■ **Problem requirements**: Start at the line in the entries below that contains "Plantation Rum Jamaica", stop at the line that contains "Roaring lion mâle", and output exactly the lines in that span, both ends included.

■ **Material for this exercise**:
★ ★ ★
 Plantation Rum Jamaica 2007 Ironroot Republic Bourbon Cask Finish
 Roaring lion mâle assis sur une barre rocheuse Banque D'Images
★ ★ ★
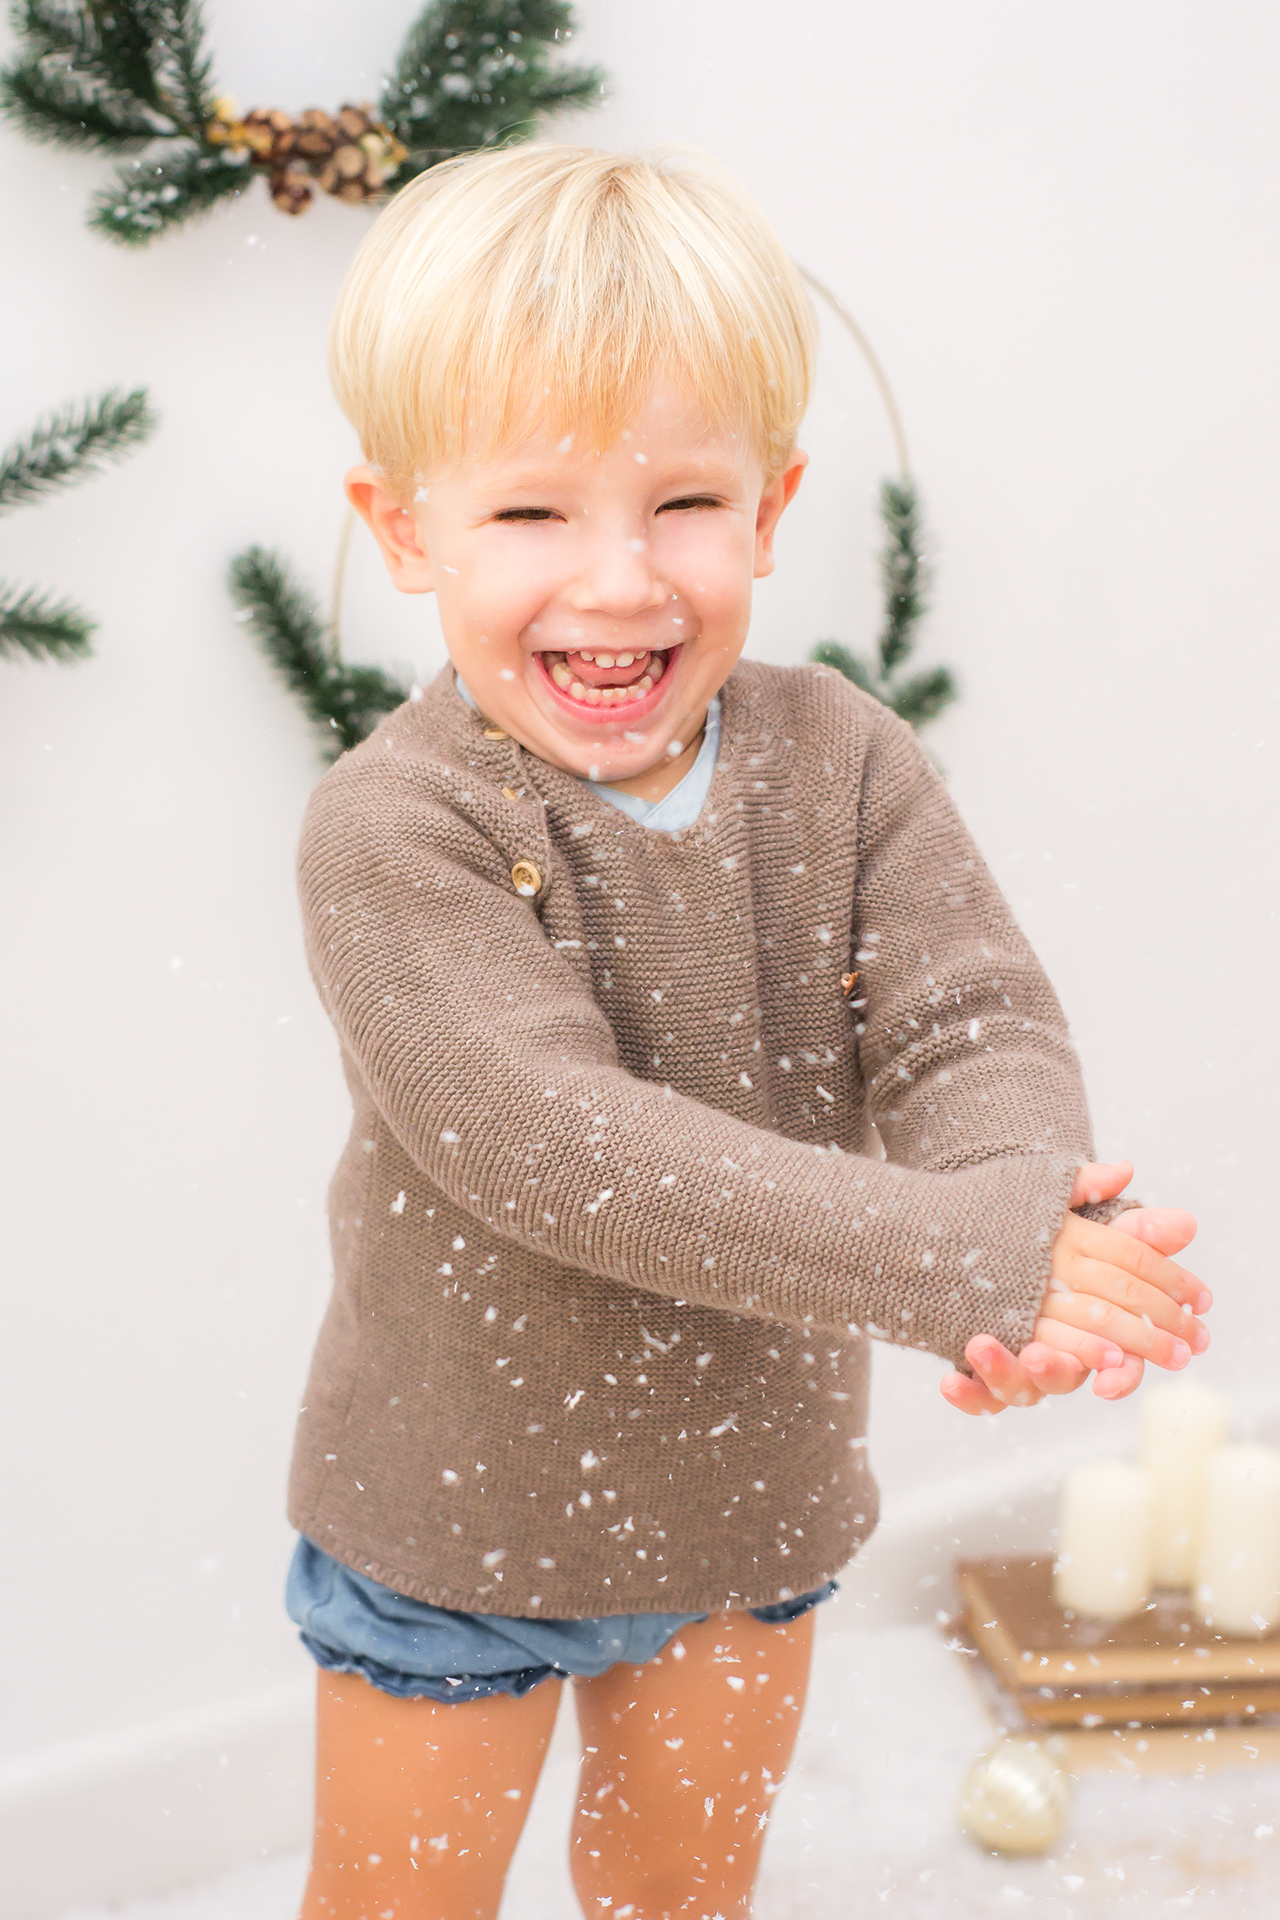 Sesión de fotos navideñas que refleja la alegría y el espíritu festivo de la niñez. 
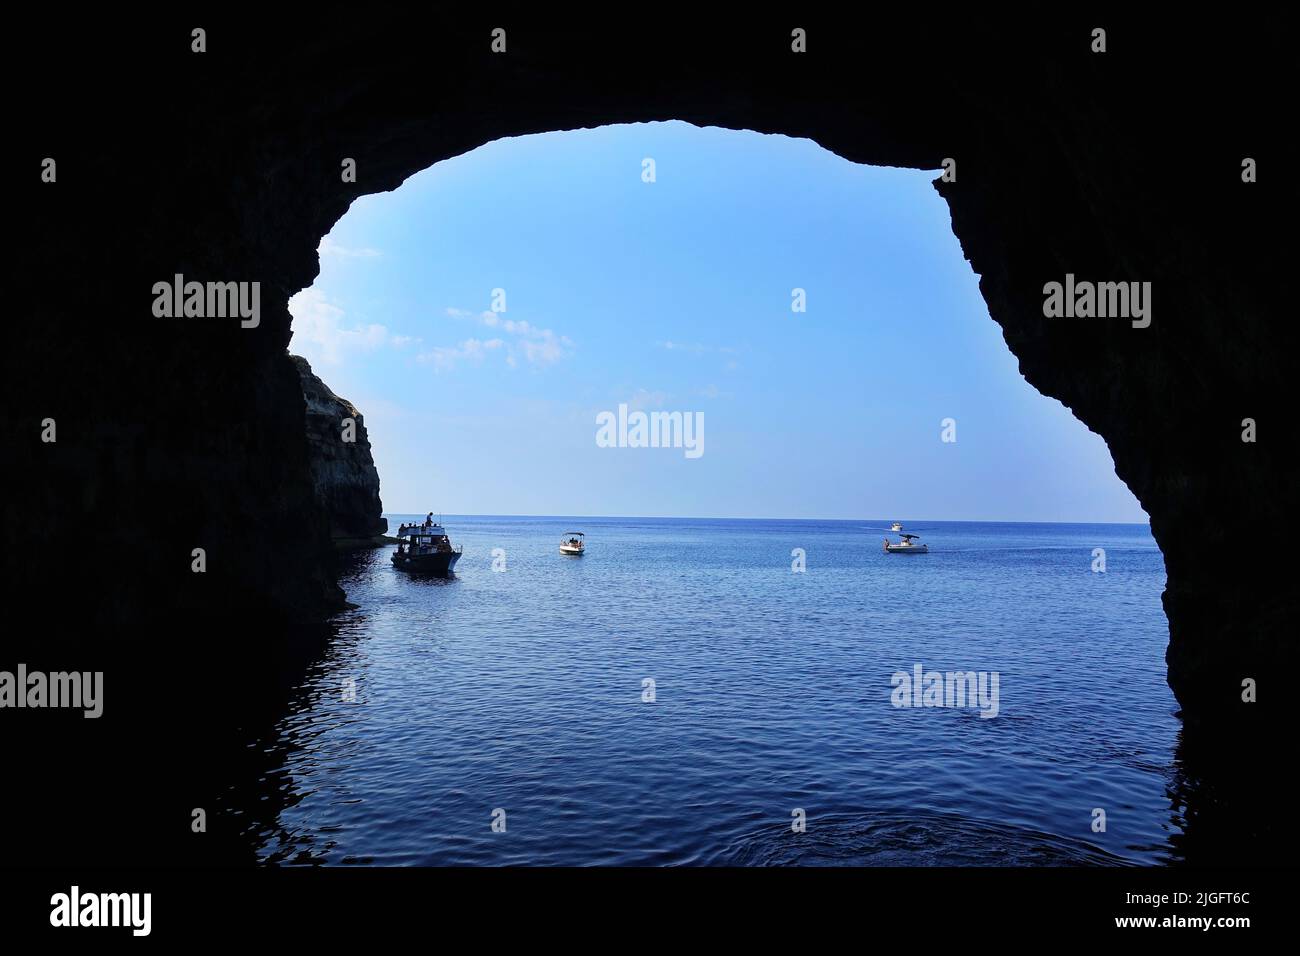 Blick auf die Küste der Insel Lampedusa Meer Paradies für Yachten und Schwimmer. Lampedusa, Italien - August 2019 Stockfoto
★ ★ ★
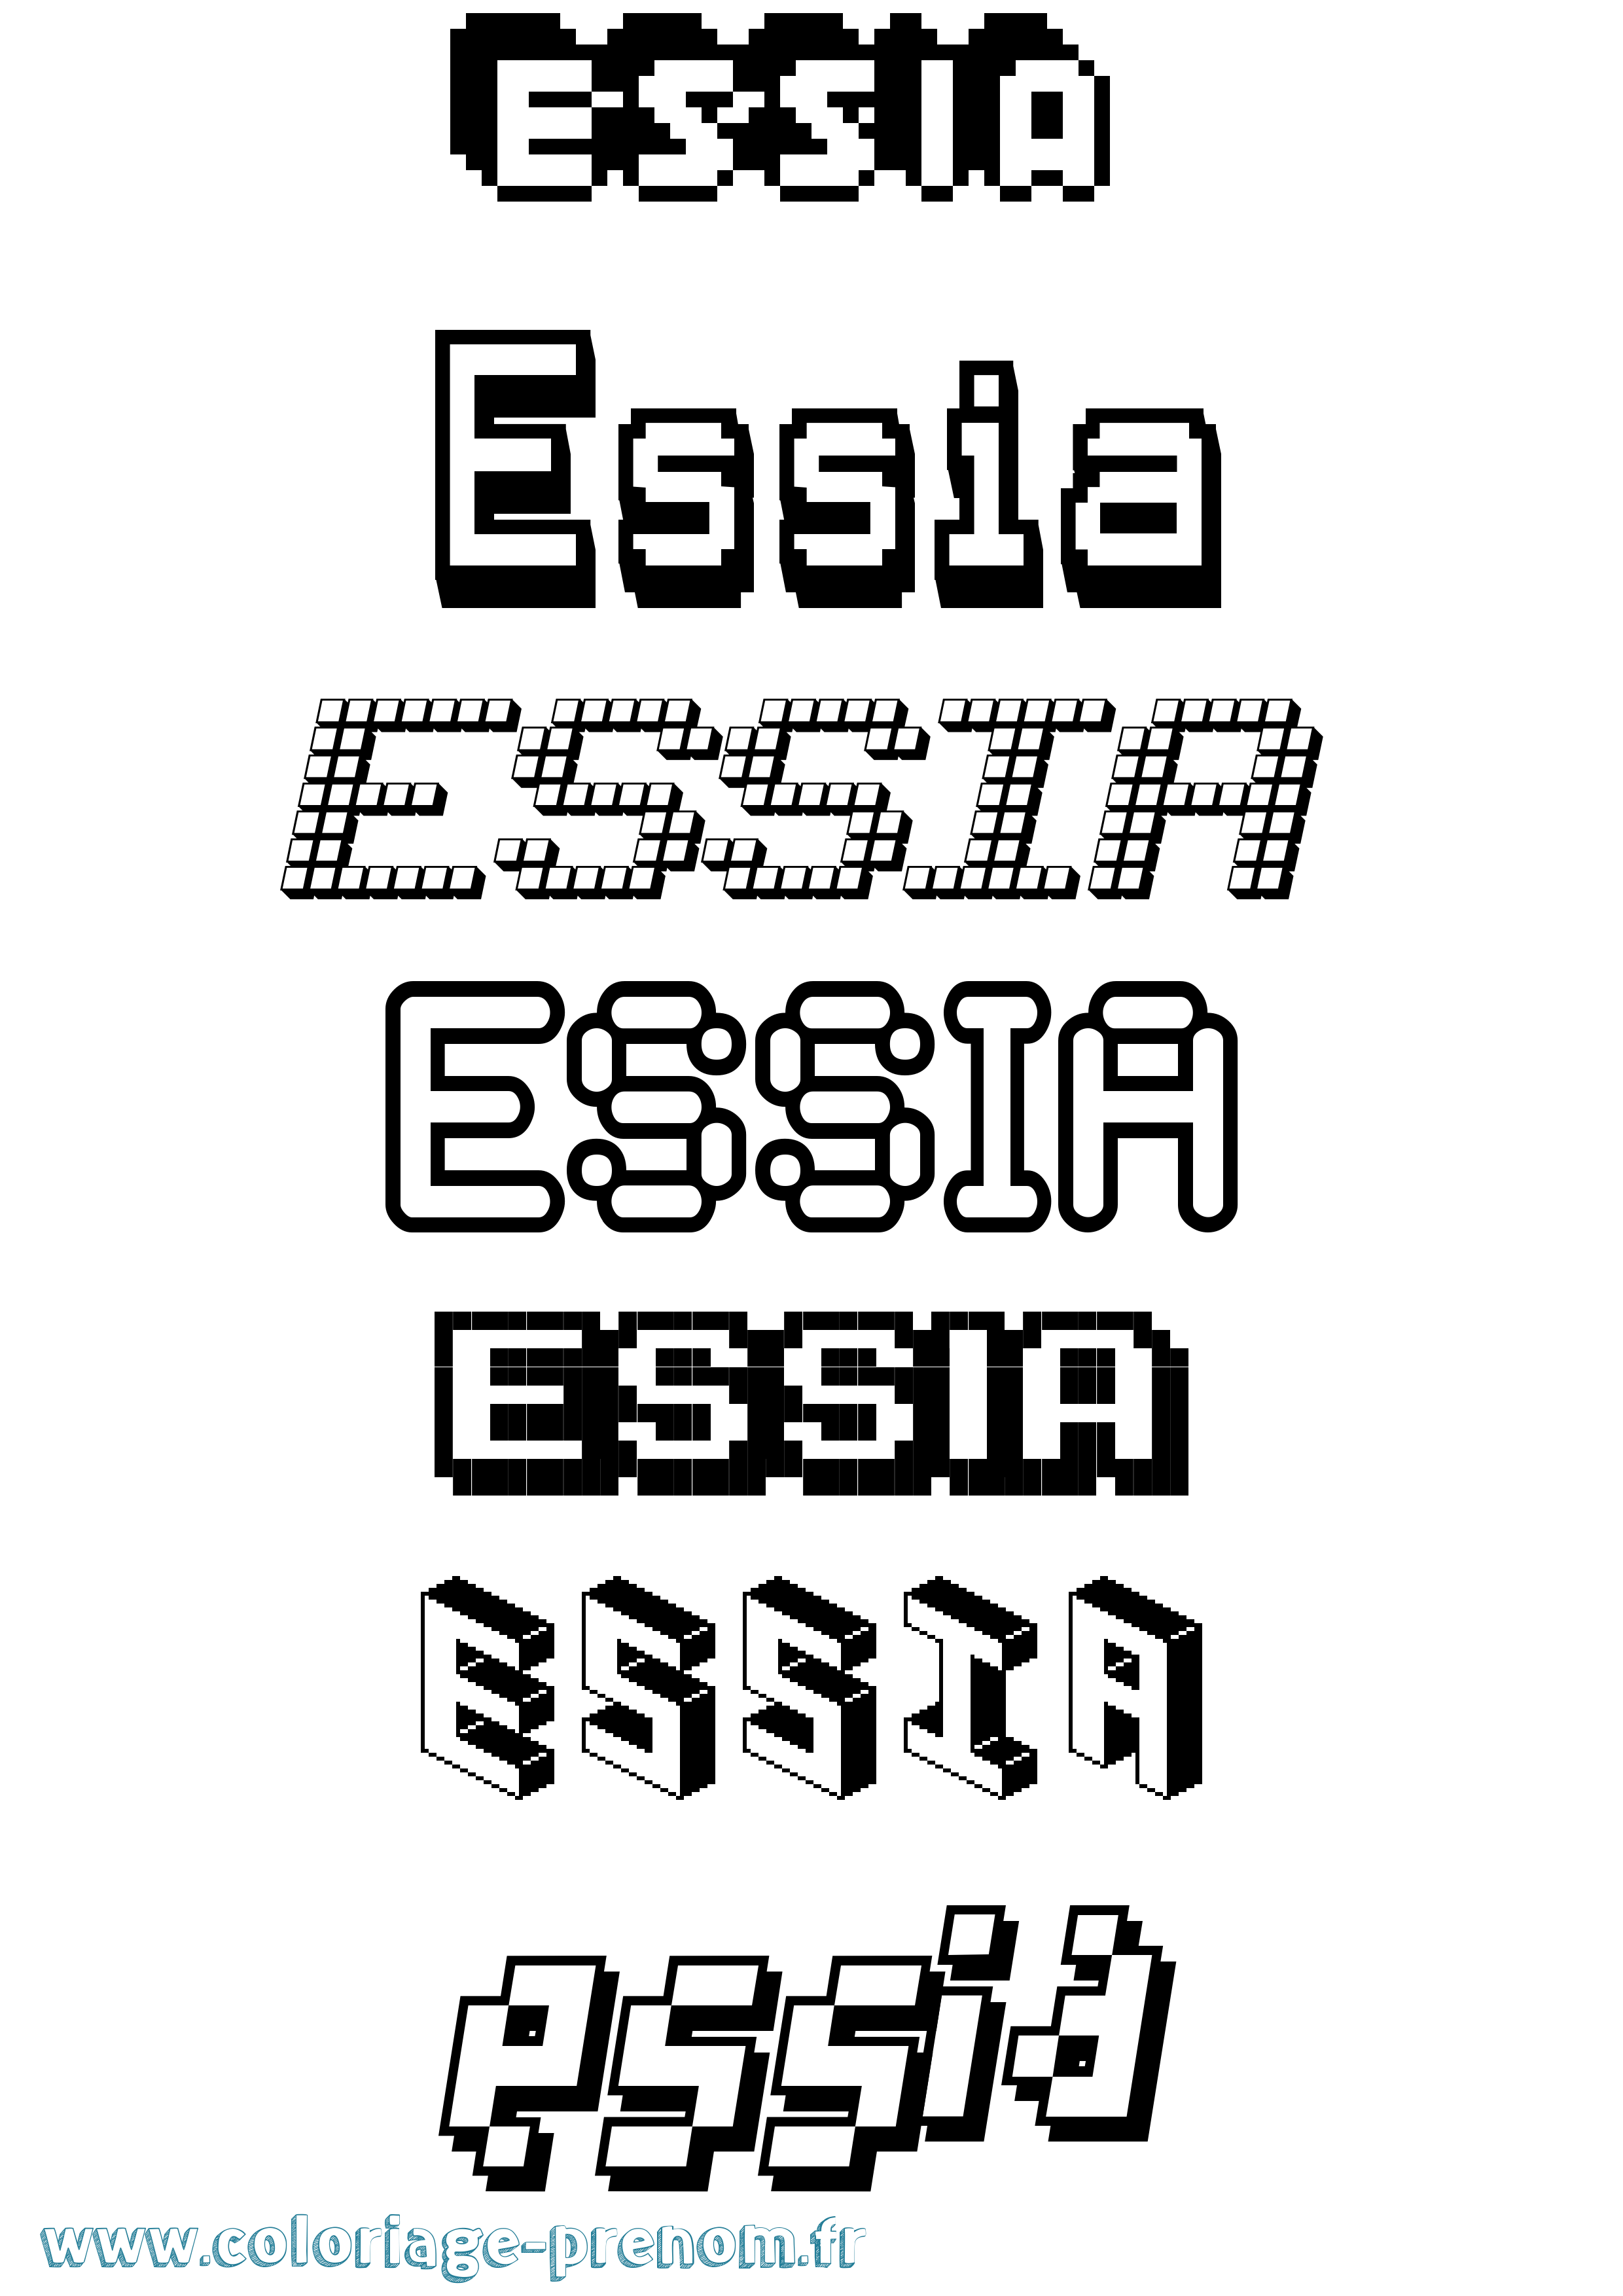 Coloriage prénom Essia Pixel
★ ★ ★
■ **Task result**:
 Plantation Rum Jamaica 2007 Ironroot Republic Bourbon Cask Finish
 Roaring lion mâle assis sur une barre rocheuse Banque D'Images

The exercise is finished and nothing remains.